> INSTRUCTIONS FOR THE TASK: A word-for-word retyping of the listing below is required, with the pictures dropped.

[INFORMATION PROVIDED]

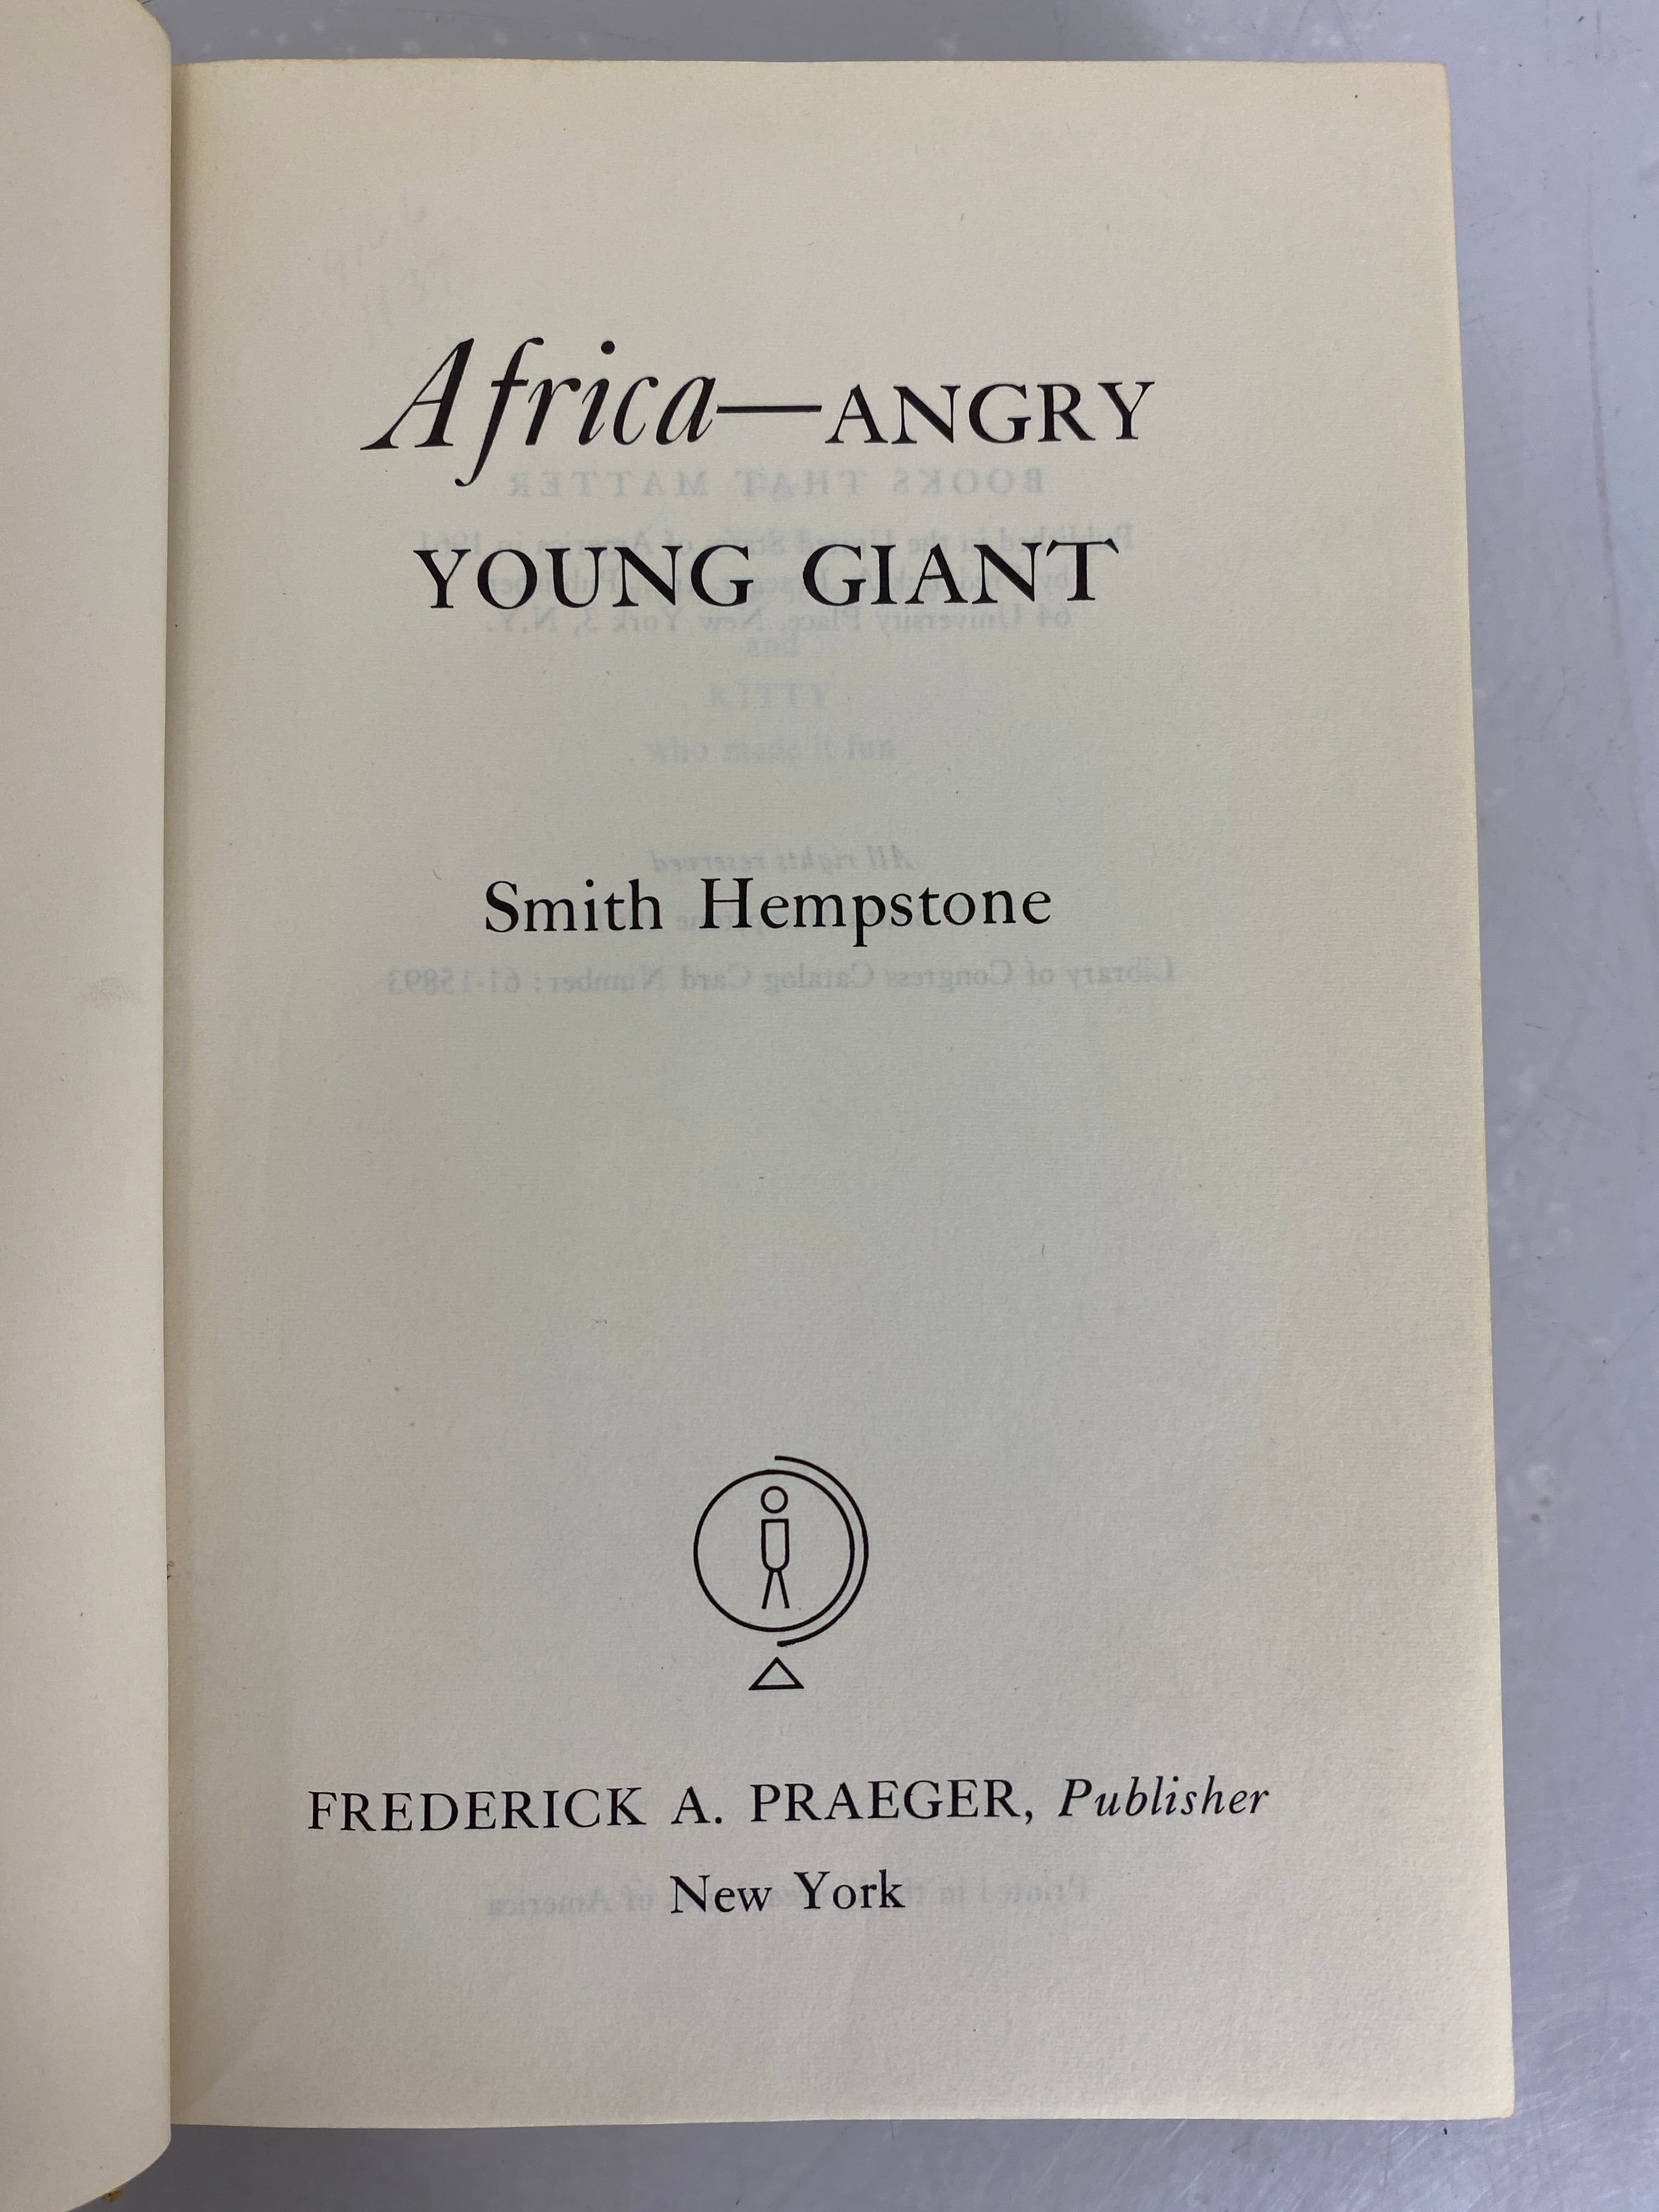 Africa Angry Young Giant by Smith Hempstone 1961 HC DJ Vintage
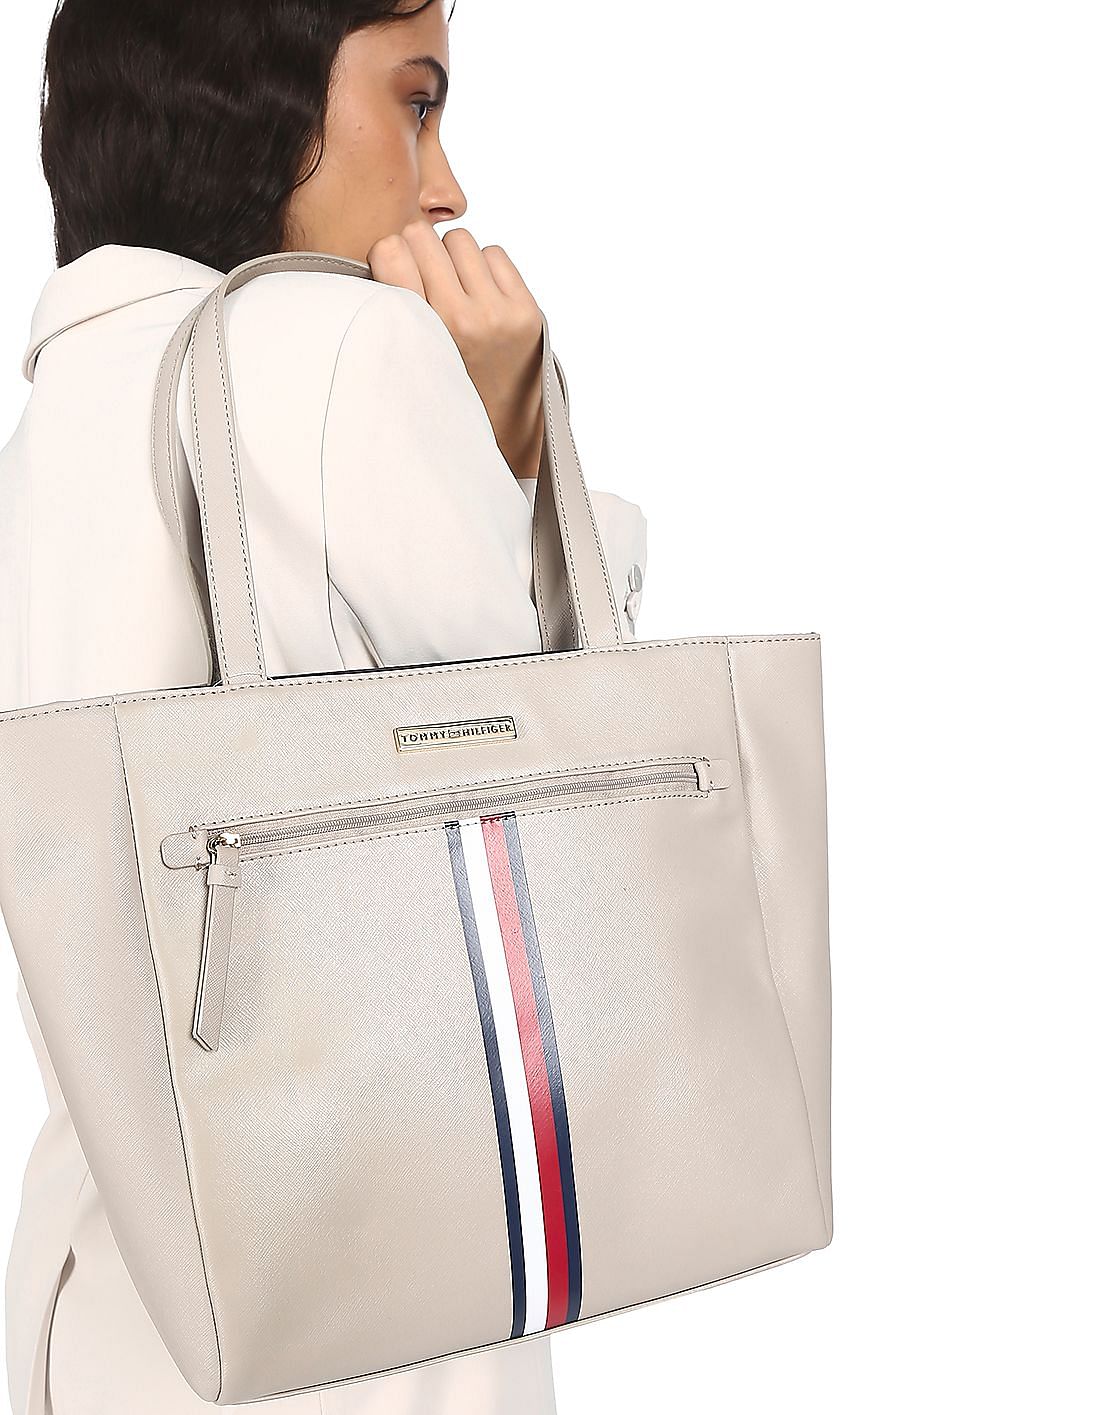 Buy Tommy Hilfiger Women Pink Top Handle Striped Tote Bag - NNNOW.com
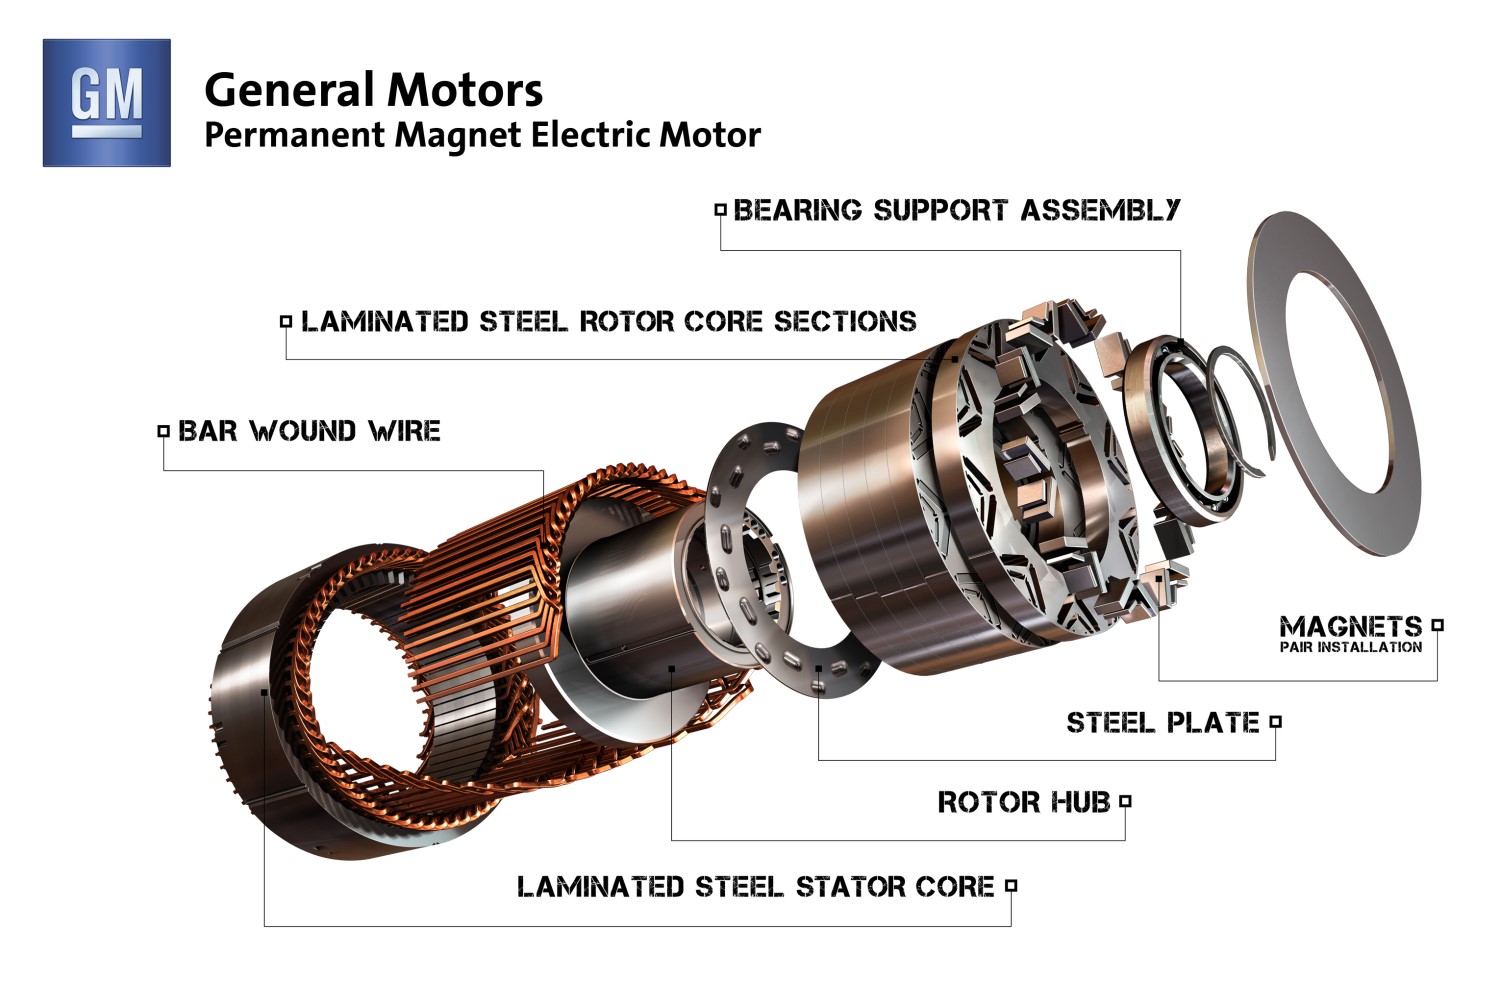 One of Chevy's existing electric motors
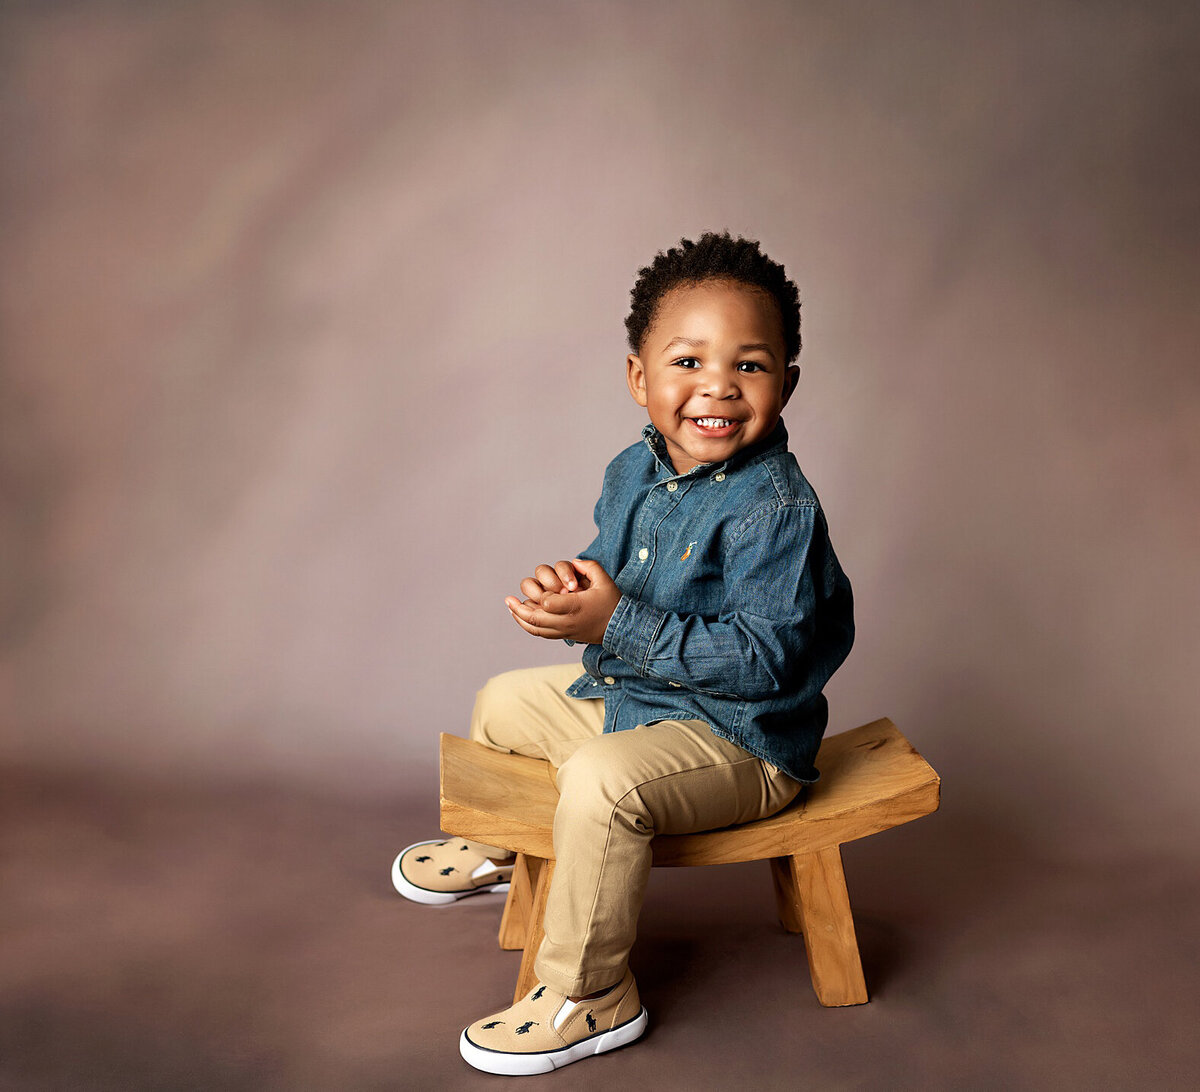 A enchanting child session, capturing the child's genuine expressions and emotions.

[/INFORMATION PROVIDED]

> ANSWER SECTION:
 Africa Angry Young Giant by Smith Hempstone 1961 HC DJ Vintage
 Buy Tommy Hilfiger Women Pink Top Handle Striped Tote Bag - NNNOW.com
 One of Chevy's existing electric motors
 A enchanting child session, capturing the child's genuine expressions and emotions.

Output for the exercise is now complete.